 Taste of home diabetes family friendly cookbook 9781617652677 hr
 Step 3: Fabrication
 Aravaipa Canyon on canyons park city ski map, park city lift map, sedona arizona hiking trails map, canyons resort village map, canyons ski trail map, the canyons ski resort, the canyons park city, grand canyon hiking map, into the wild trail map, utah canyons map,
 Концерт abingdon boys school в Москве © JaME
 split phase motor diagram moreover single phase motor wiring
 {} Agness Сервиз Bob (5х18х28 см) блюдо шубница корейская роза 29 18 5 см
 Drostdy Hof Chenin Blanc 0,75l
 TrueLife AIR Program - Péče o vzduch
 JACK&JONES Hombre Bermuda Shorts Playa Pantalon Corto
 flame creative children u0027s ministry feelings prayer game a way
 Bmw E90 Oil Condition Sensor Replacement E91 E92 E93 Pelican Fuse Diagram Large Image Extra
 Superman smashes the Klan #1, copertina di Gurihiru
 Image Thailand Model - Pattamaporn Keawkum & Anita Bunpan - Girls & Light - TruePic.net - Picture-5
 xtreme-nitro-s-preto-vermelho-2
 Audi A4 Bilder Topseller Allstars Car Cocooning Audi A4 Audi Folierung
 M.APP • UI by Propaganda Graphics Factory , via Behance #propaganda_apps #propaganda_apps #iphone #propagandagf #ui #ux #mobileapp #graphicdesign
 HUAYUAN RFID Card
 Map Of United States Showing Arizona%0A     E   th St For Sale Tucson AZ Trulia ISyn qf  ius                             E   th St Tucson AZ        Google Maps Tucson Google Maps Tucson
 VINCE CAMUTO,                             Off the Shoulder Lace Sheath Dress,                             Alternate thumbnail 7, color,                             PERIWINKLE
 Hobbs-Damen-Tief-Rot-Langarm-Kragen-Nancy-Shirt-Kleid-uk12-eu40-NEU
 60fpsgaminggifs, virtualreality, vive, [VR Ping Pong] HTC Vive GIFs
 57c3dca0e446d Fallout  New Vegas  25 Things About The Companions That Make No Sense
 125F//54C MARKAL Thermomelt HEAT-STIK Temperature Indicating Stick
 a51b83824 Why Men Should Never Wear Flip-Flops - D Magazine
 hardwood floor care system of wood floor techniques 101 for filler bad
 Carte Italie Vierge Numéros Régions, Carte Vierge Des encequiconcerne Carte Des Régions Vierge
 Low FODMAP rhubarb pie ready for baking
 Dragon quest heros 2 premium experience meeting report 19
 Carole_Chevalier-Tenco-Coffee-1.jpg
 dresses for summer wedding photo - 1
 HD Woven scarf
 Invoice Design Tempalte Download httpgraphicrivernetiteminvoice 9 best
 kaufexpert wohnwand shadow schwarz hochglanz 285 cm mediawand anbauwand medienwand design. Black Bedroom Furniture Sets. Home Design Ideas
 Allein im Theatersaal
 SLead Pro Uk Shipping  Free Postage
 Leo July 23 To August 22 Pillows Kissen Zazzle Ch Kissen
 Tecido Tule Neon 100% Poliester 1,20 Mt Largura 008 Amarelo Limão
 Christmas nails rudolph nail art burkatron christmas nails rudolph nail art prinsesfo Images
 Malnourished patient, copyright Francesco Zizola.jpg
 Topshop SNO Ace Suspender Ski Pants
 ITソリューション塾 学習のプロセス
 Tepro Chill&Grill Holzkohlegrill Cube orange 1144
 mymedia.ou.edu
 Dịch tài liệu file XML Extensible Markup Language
-----
→ **REQUIRED ACTION**
Reproduce the lines of the entries above from the one with "xtreme-nitro-s-preto-vermelho-2" to the one with "Map Of United", both included, exactly and without any other line.

→ **ANSWER SECTION**
 xtreme-nitro-s-preto-vermelho-2
 Audi A4 Bilder Topseller Allstars Car Cocooning Audi A4 Audi Folierung
 M.APP • UI by Propaganda Graphics Factory , via Behance #propaganda_apps #propaganda_apps #iphone #propagandagf #ui #ux #mobileapp #graphicdesign
 HUAYUAN RFID Card
 Map Of United States Showing Arizona%0A     E   th St For Sale Tucson AZ Trulia ISyn qf  ius                             E   th St Tucson AZ        Google Maps Tucson Google Maps Tucson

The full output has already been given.